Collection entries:
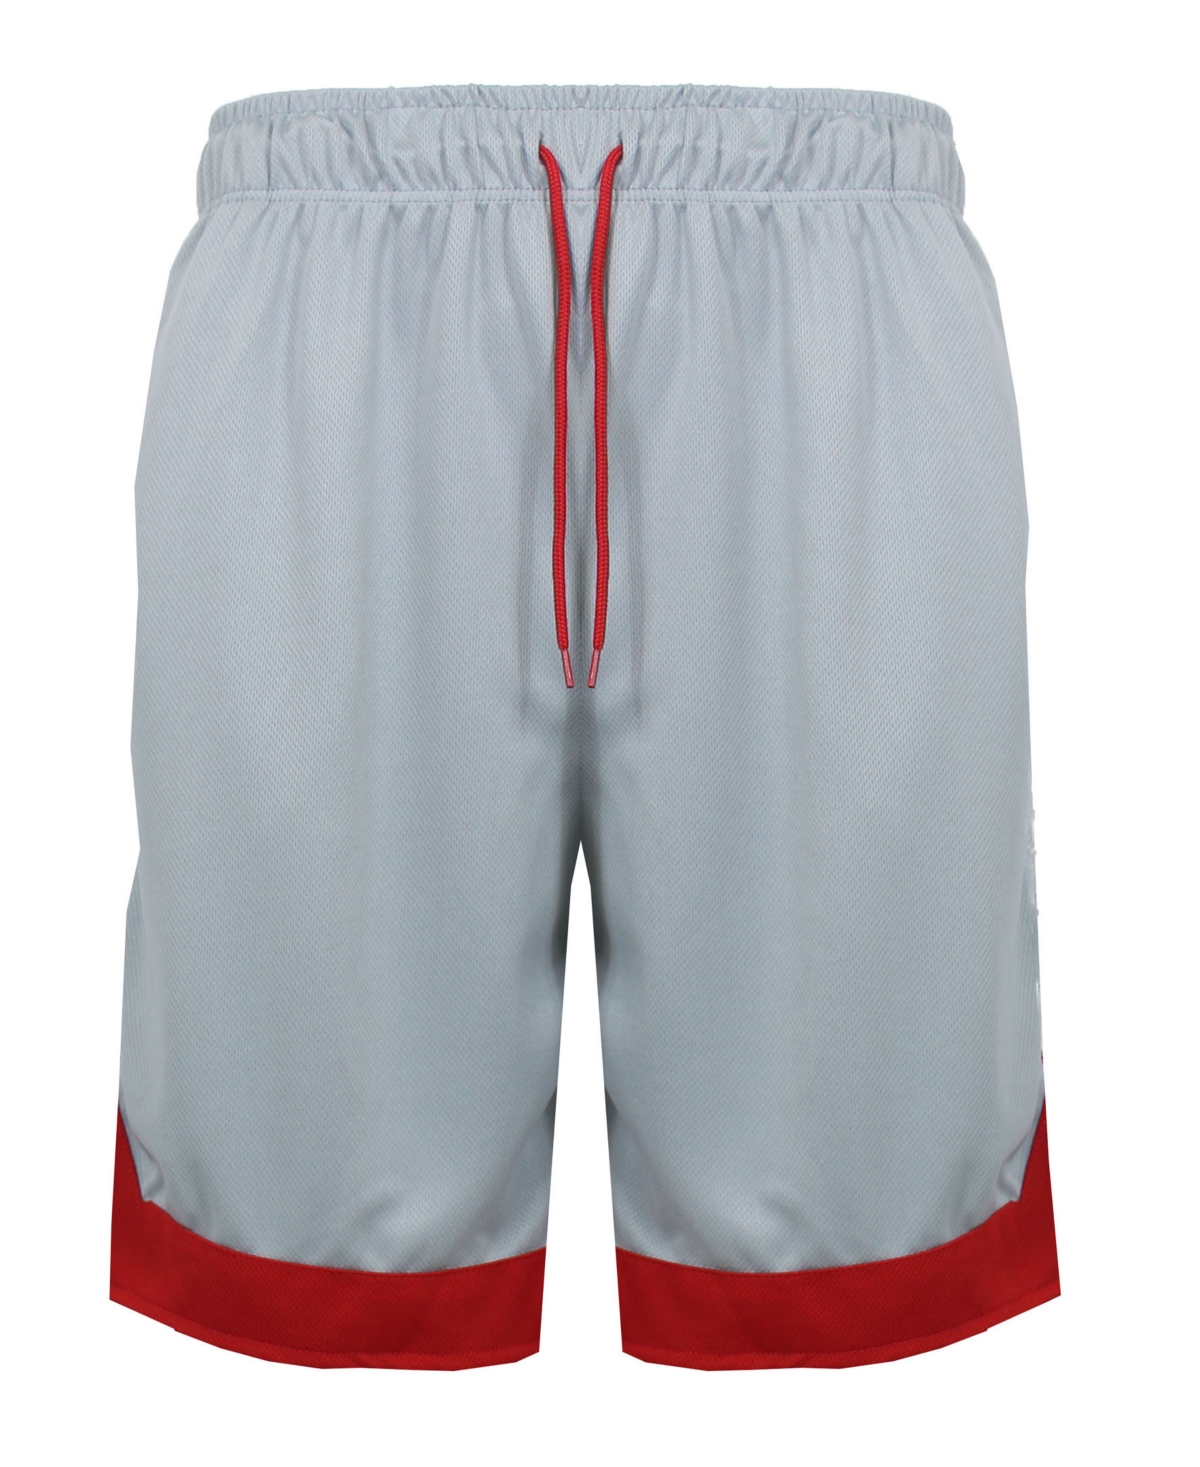 Men's Premium Active Moisture Wicking Workout Mesh Shorts With Trim - Silver/Red
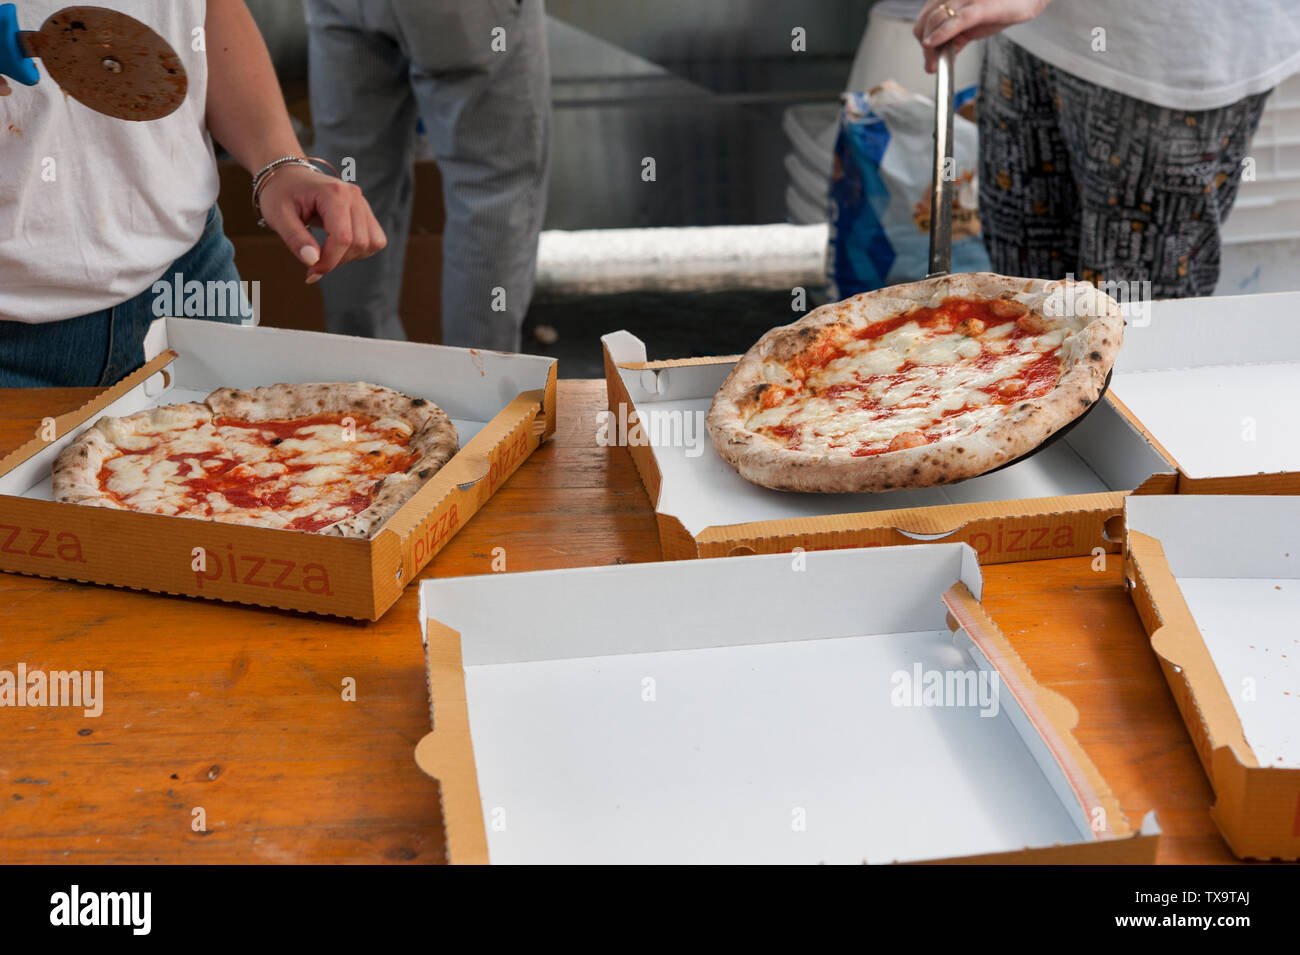 Hot pizza Margherita cut into slices, ready to take-away in cardboard boxes. Stock Photo
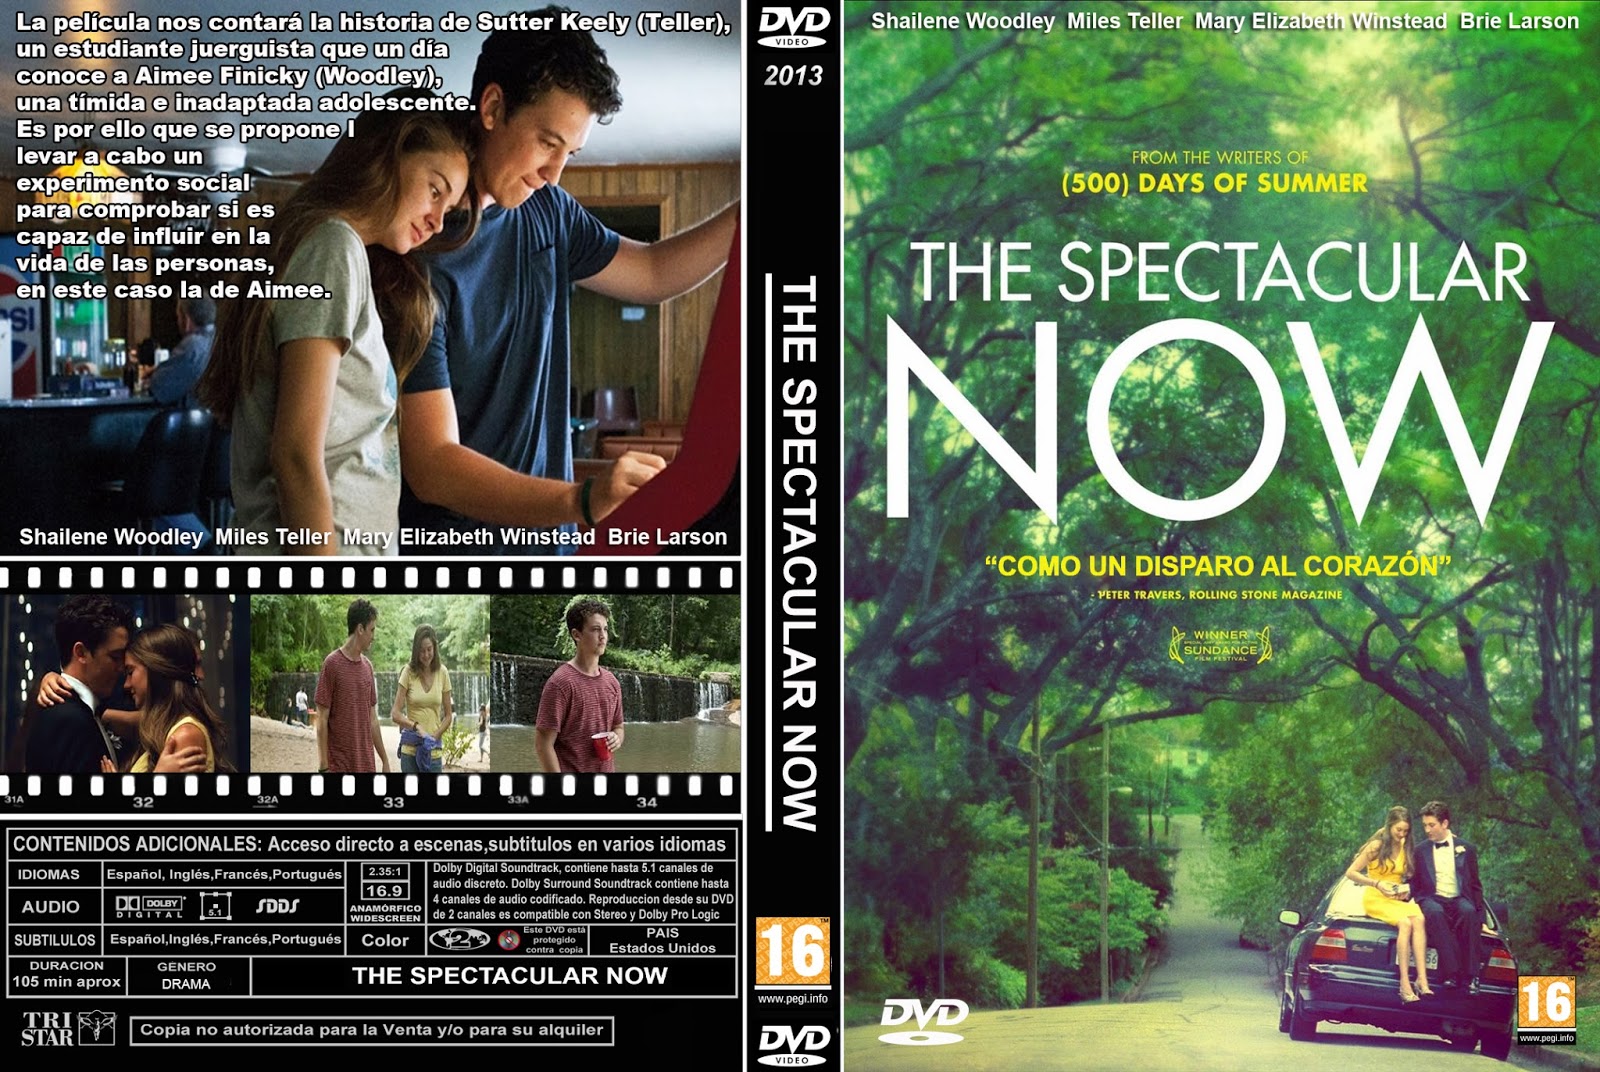 THE SPECTACULAR NOW COVER 2013 Spectacular Now Image, Picture, Photo, Icon and Wallpaper: Ravepad place to rave about anything and everything!
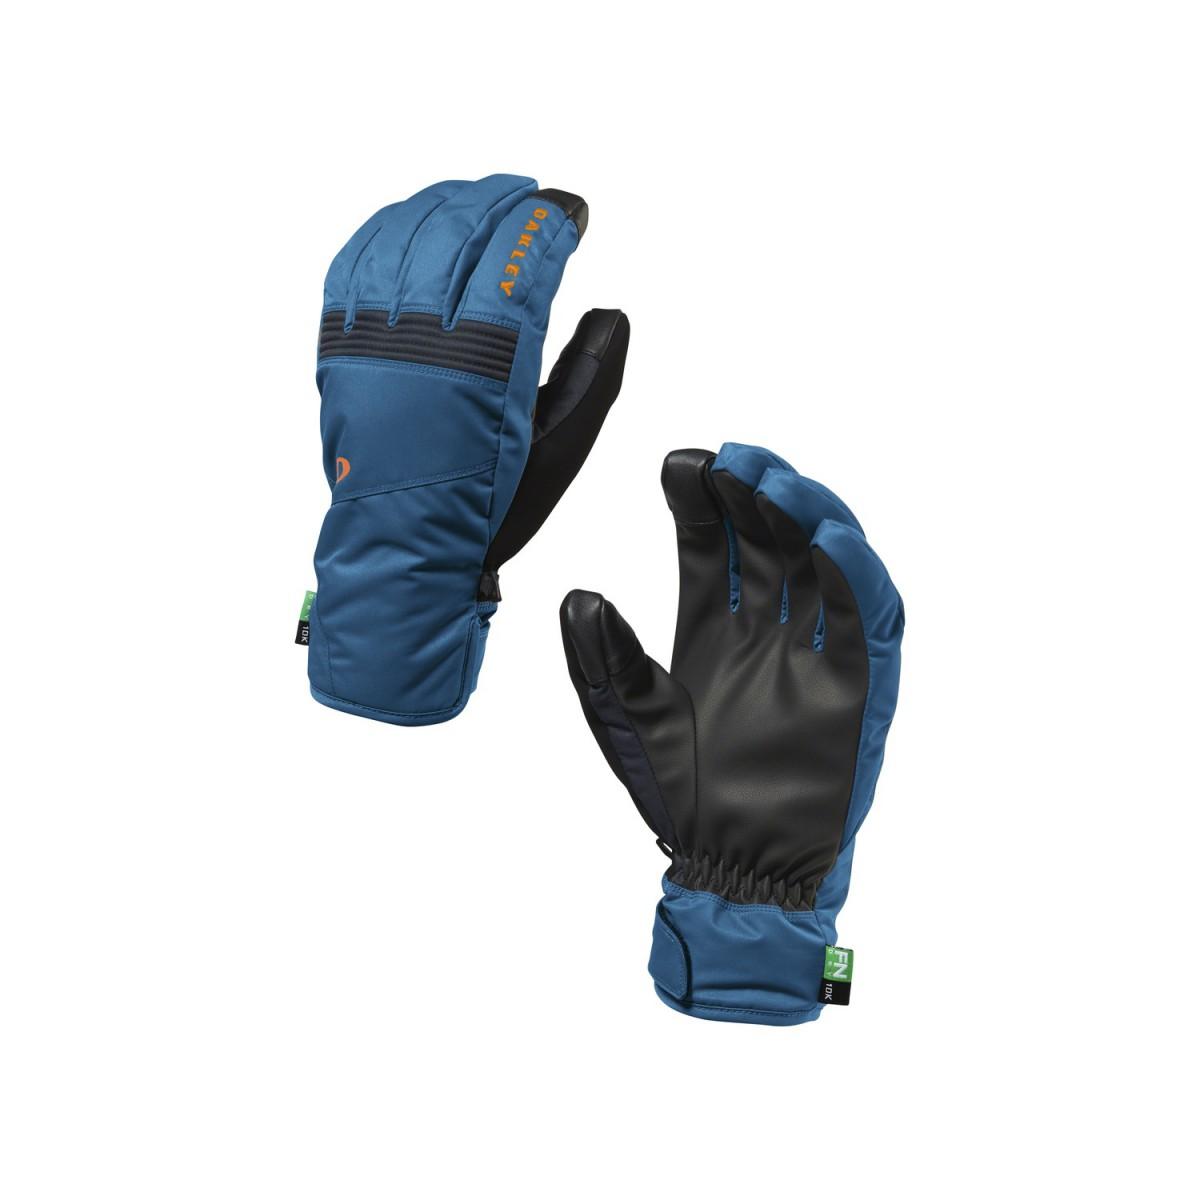 Roundhouse Short Glove
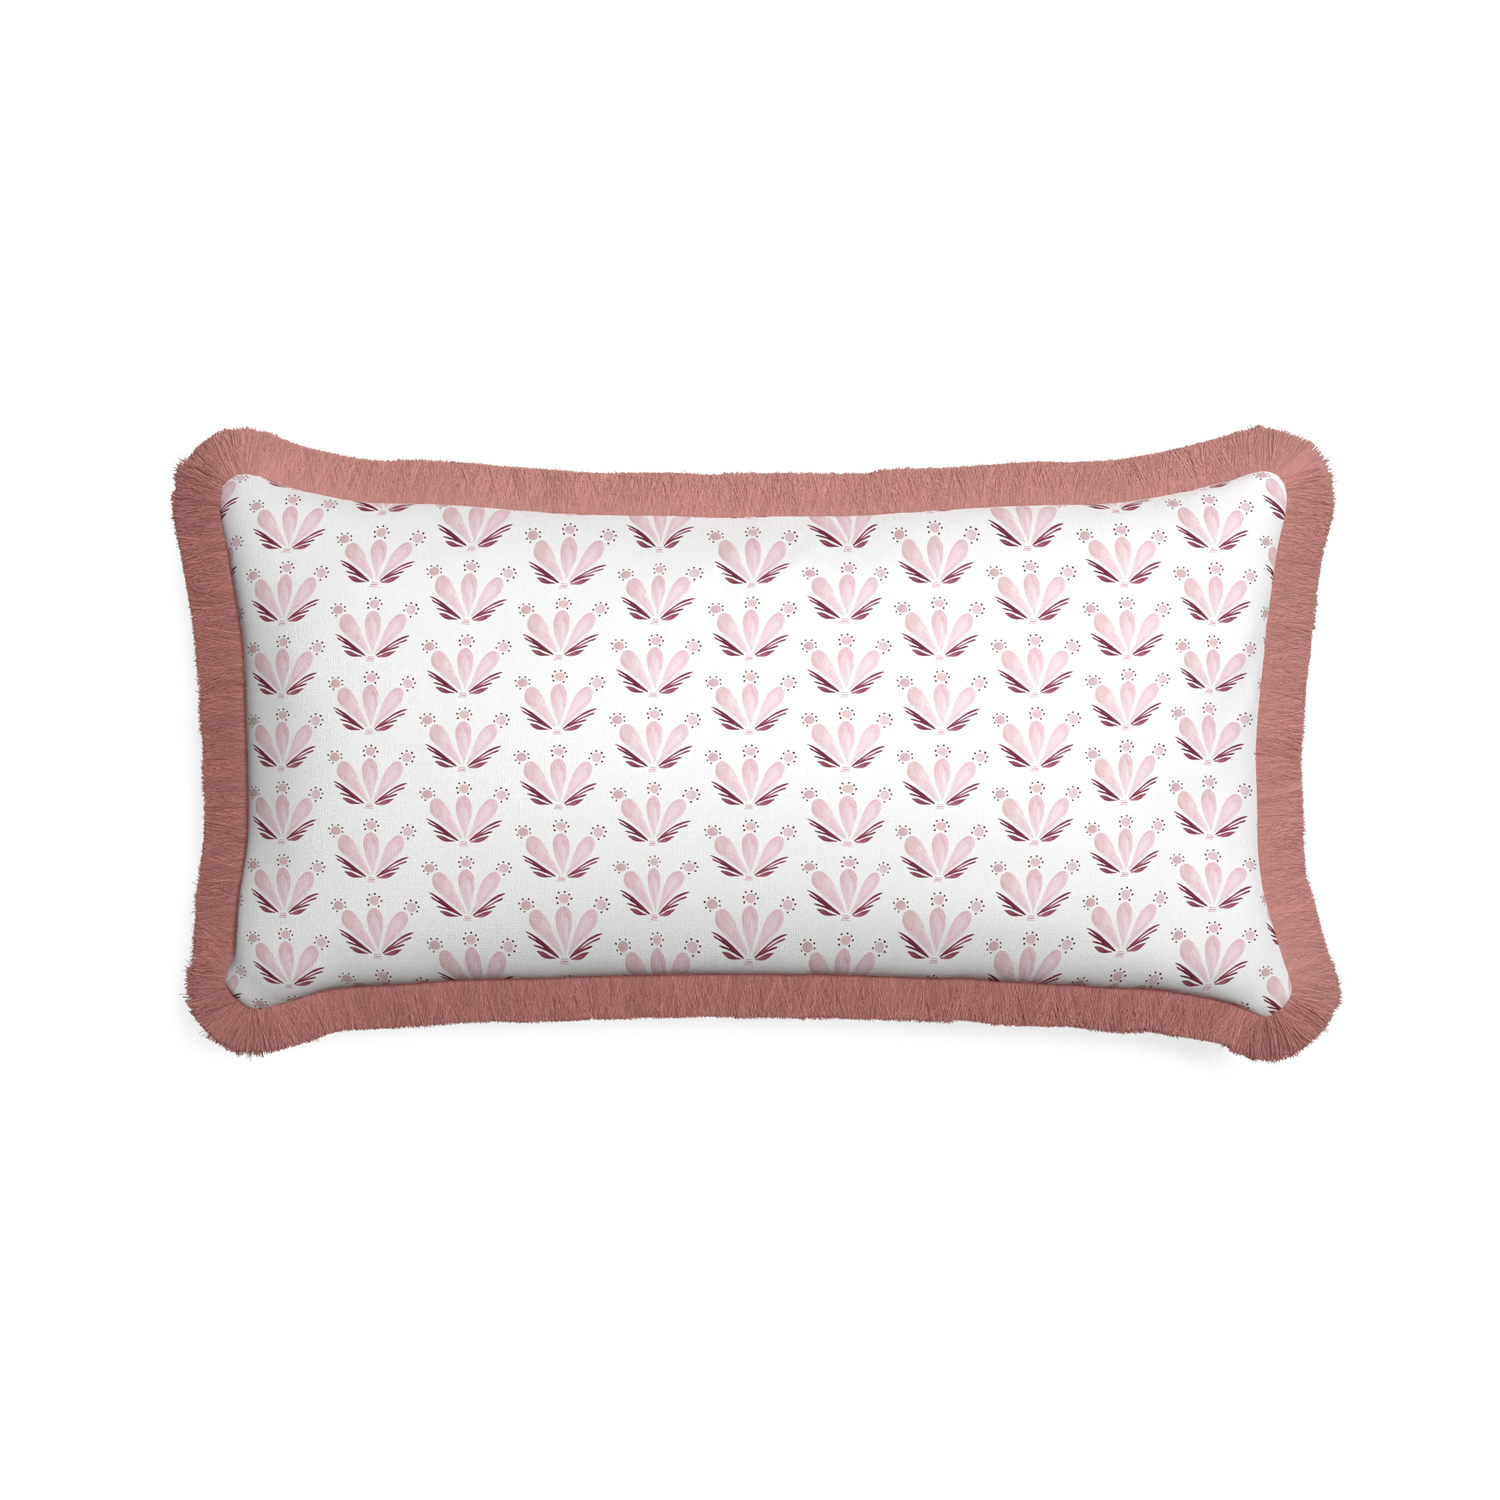 Midi-lumbar serena pink custom pink & burgundy drop repeat floralpillow with d fringe on white background

__TASK DESCRIPTION__: In the answer, include exactly the lines from the one containing "THE SPECTACULAR NOW" through the end of the records above and no pictures at all.

__OUTPUT BELOW__:
 THE SPECTACULAR NOW COVER 2013 Spectacular Now Image, Picture, Photo, Icon and Wallpaper: Ravepad place to rave about anything and everything!
 Roundhouse Short Glove
 Midi-lumbar serena pink custom pink & burgundy drop repeat floralpillow with d fringe on white background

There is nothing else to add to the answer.